*Goal of the exercise*: Write back every line of the listing exactly, excluding images.

*Stored data*:
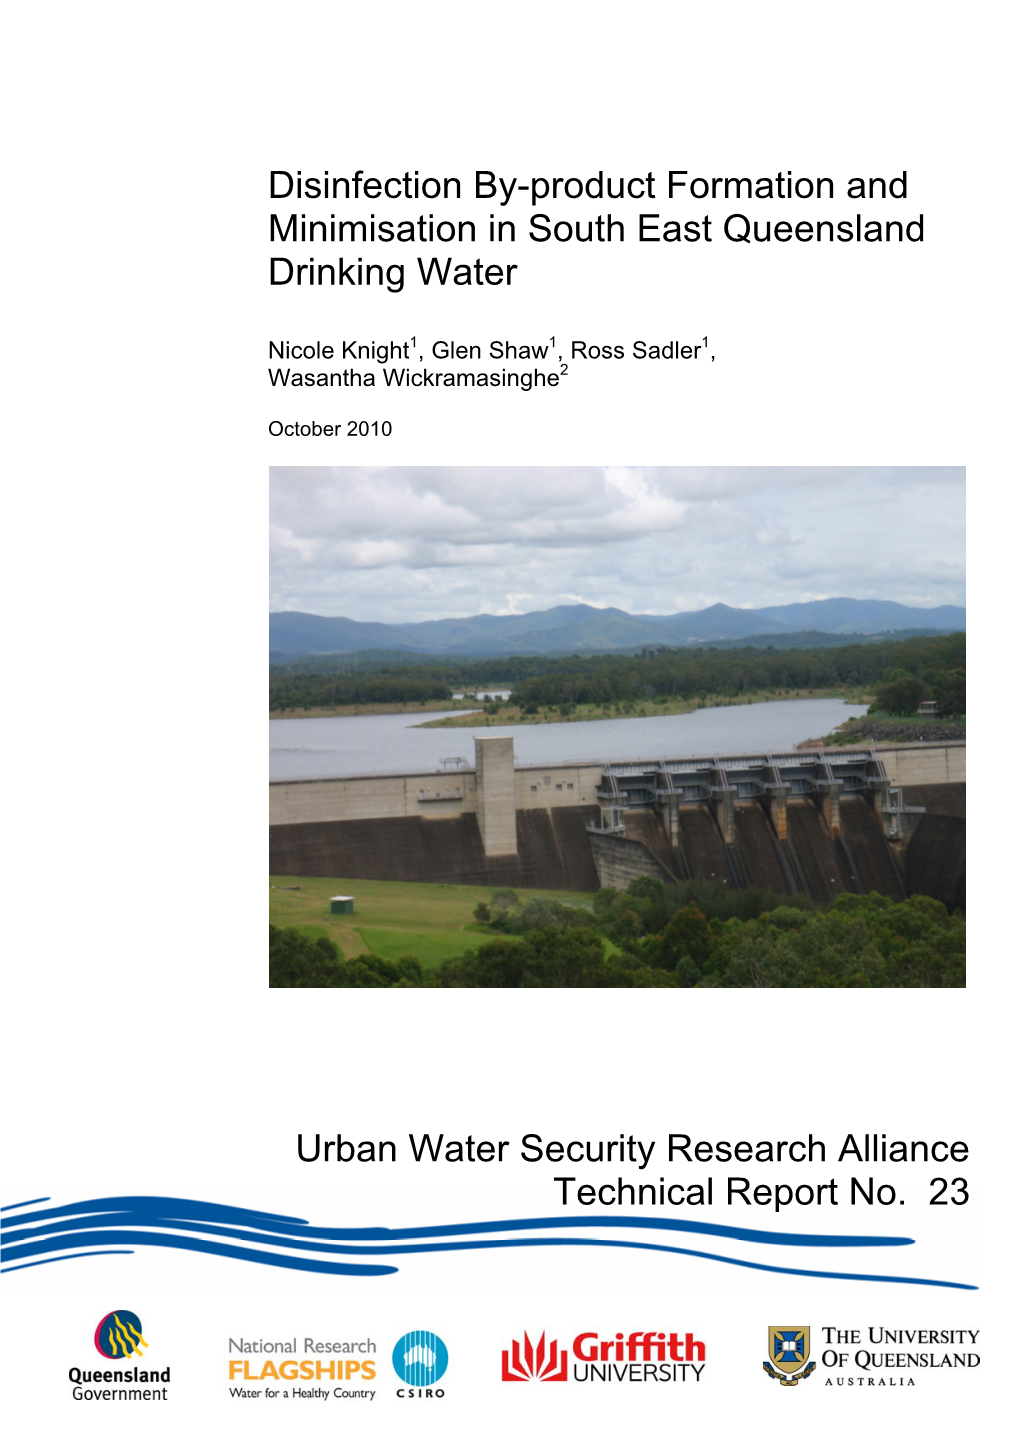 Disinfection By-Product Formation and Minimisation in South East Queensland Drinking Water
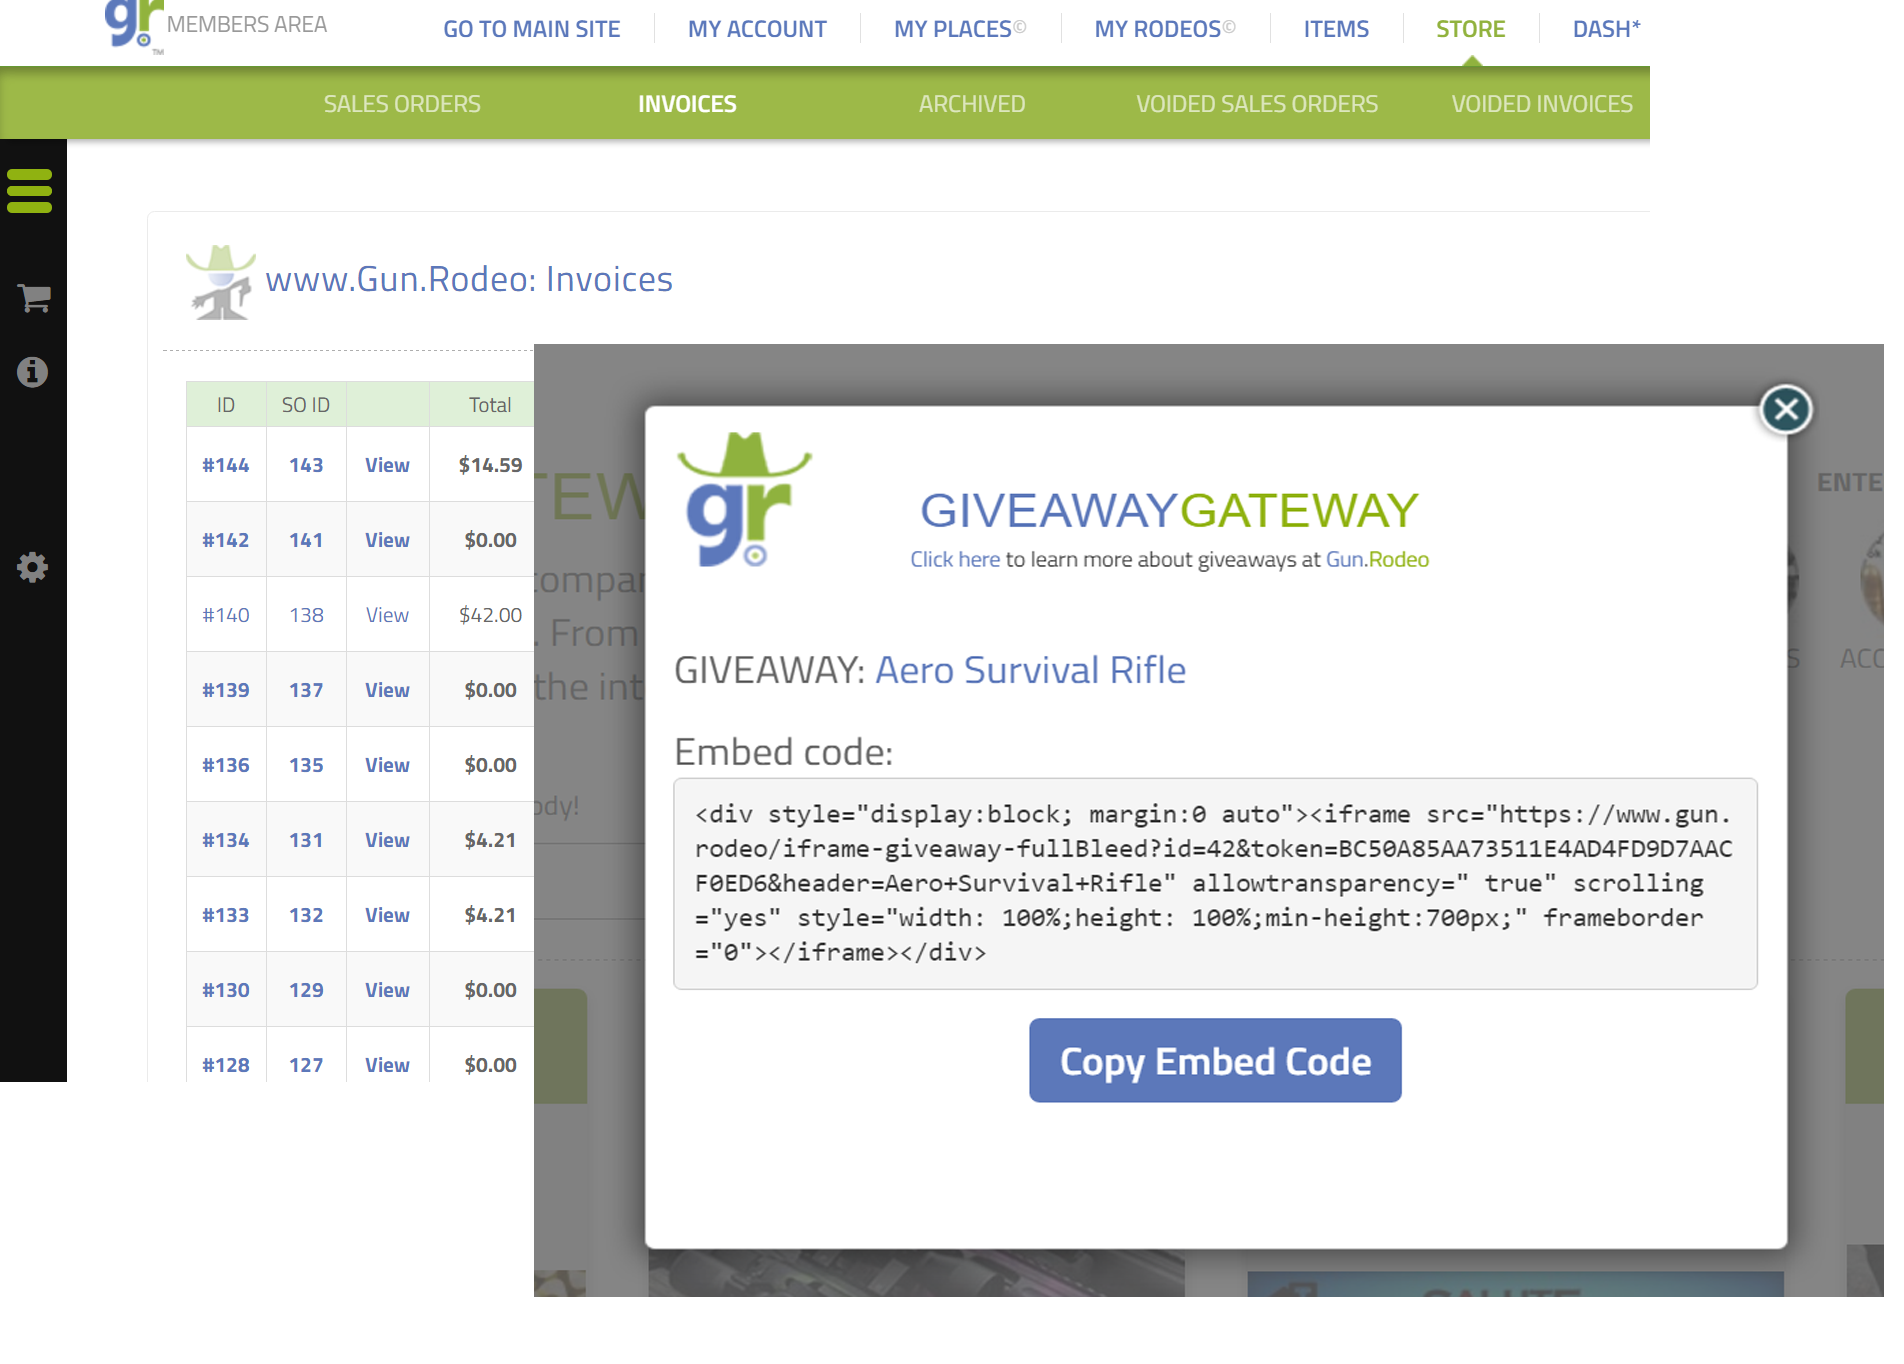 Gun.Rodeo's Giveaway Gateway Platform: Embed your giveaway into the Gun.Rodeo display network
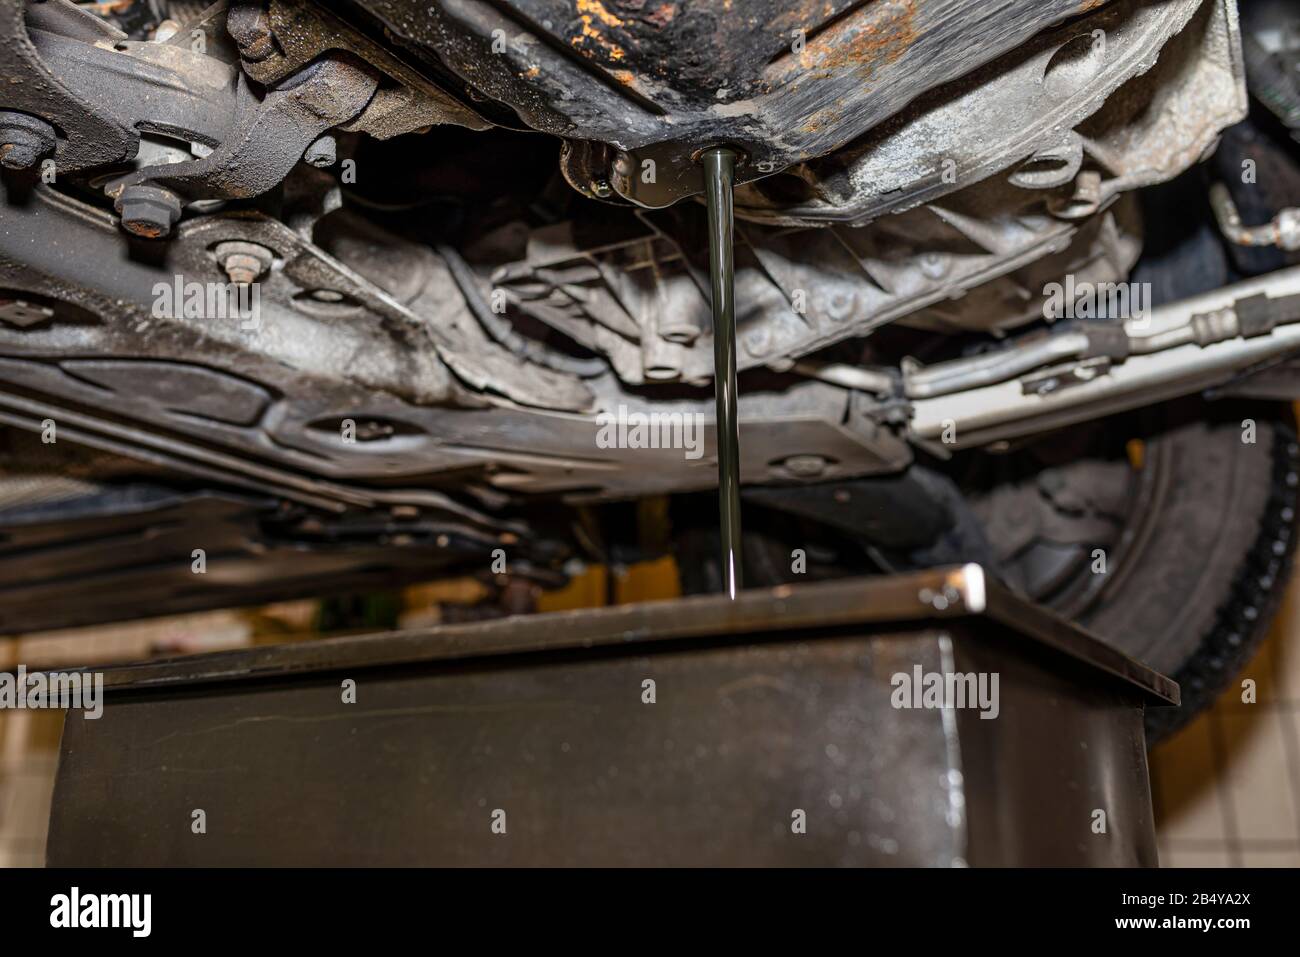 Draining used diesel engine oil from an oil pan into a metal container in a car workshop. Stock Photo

*Output*:
 Disinfection By-Product Formation and Minimisation in South East Queensland Drinking Water
 Gun.Rodeo's Giveaway Gateway Platform: Embed your giveaway into the Gun.Rodeo display network
 Draining used diesel engine oil from an oil pan into a metal container in a car workshop. Stock Photo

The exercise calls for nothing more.